图片
Sejujurnya, sebagai pemain lama yang telah bermain jauh dari era Saipan, saya cukup tersentuh dengan perubahan pasar game mobile belakangan ini. Saya melihat berita beberapa waktu lalu bahwa jumlah pengguna game seluler dalam negeri telah melampaui 660 juta, namun jumlah unduhan per kapita menurun, dan semua orang menjadi semakin pilih-pilih. Ini adalah hal yang baik jika Anda tidak ingin menyombongkannya. Game-game jelek ganti skin memang harus dihilangkan.
Kembali ke topik, baru-baru ini saya memainkan game bernama "Mirror Story". Saya awalnya pergi untuk memeriksanya untuk mendapatkan diskon 0,05%, tetapi saya sedikit terkejut. Sejujurnya, tema dongeng kelam seperti ini bukanlah hal baru, namun memang jarang melihat subversi lengkap dari Putri Salju dan para kurcaci, dan membuat saya, sebagai pemain berpengalaman, ingin mengoleksinya.
Dari pengamatan saya terhadap tren game saat ini, ada beberapa poin yang jelas. Pertama, semua orang lelah dan tidak mau bekerja sampai jam tiga pagi, sehingga akselerator bawaan dan sistem idle hampir menjadi fitur standar. "Mirror Story" secara langsung menjadikan akselerasi sepuluh kali lipat dan pendapatan offline menjadi fungsi dasar, ditambah asisten pengurang beban, yang memberi tahu saya secara terbuka dan jujur, "Jangan berkelahi sampai mati, ini waktunya berangkat kerja, dan inilah waktunya tidur." Sejujurnya, konsep desain seperti ini tidak terpikirkan lima tahun lalu, namun kini, sudah menjadi kebutuhan bagi pemain paruh baya seperti kami.
Kedua, konsep “kartu tanpa sampah” sangat populer saat ini.
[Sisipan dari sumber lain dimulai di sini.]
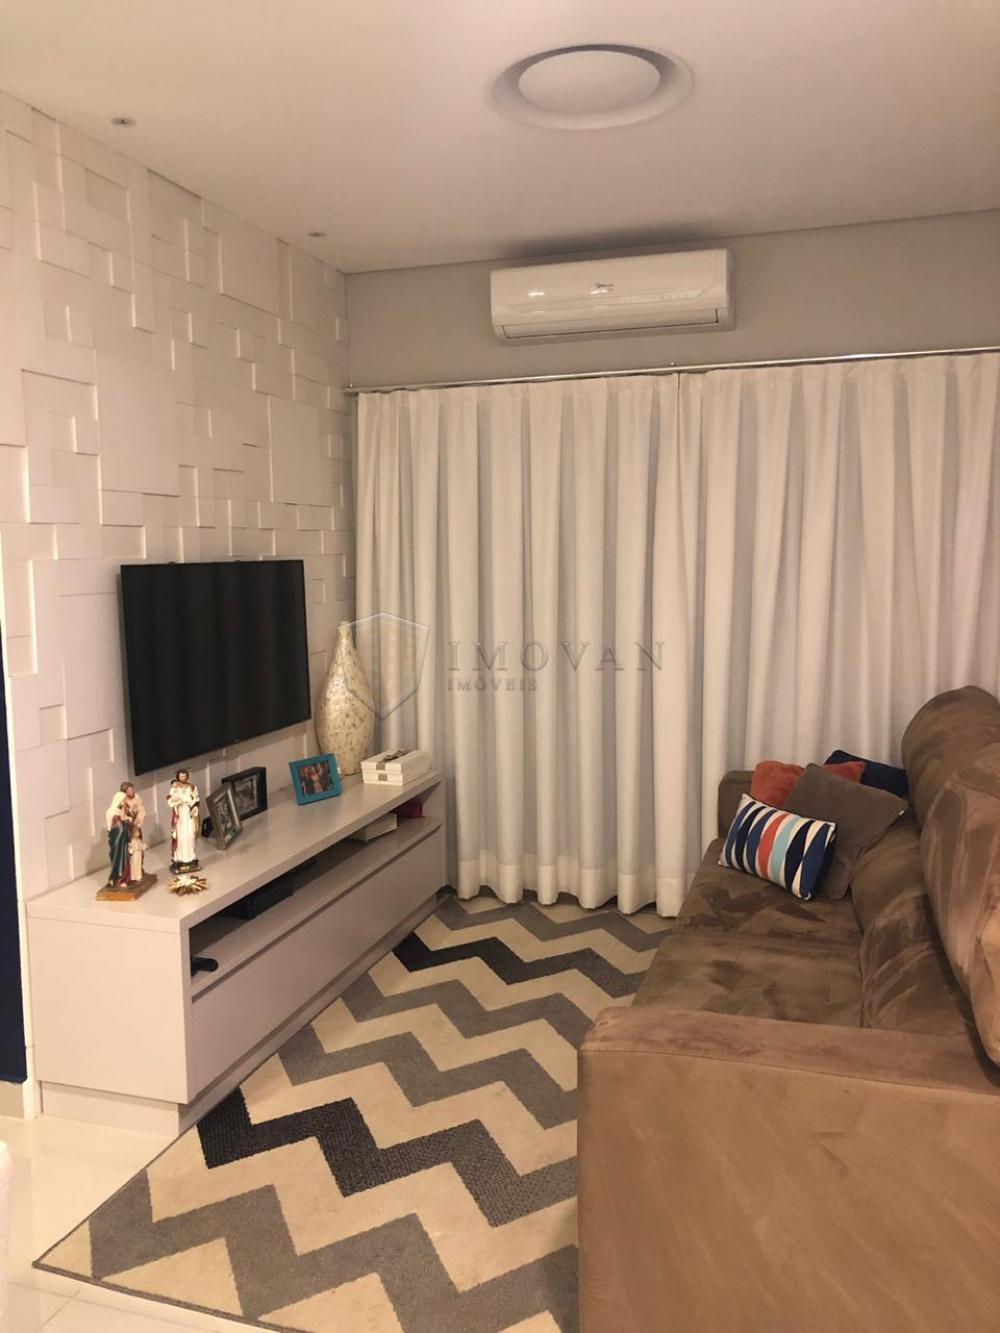 Comprar Apartamento / Padrão em Ribeirão Preto apenas R$ 695.000,00 - Foto 4

Dulu, saat bermain permainan kartu, jika Anda menggambar karakter yang tidak populer, Anda hanya bisa menang di bagian bawah kotak. Sekarang, dalam "Mirror Story", setiap karakter memiliki tempatnya masing-masing, mengandalkan atribut dan batasan keterampilan untuk berkoordinasi. Saya dapat membangun barisan non-mainstream sesuai dengan pemahaman saya sendiri, dan tidak akan ditekan dan digosok oleh orang-orang besar. Desain seperti ini memang bisa membuat pemain sipil seperti saya mau bermain. Tidak, saya harus mengatakan bahwa saya bersedia bermain.
Ketiga, pabrikan akhirnya menemukan jawabannya. Daripada menciptakan sekumpulan sistem sosial yang kompleks untuk memaksa Anda membentuk sebuah tim, lebih baik biarkan Anda diam-diam mendorong gambar dan menonton alur ceritanya. Alur cerita dongeng yang subversif dan terbalik dalam game ini cukup sesuai dengan keinginan saya. Siapa bilang Anda tidak bisa memimpikan dongeng saat besar nanti? Itu hanya mimpi sekarang. Saya lebih suka versi dongeng kelam.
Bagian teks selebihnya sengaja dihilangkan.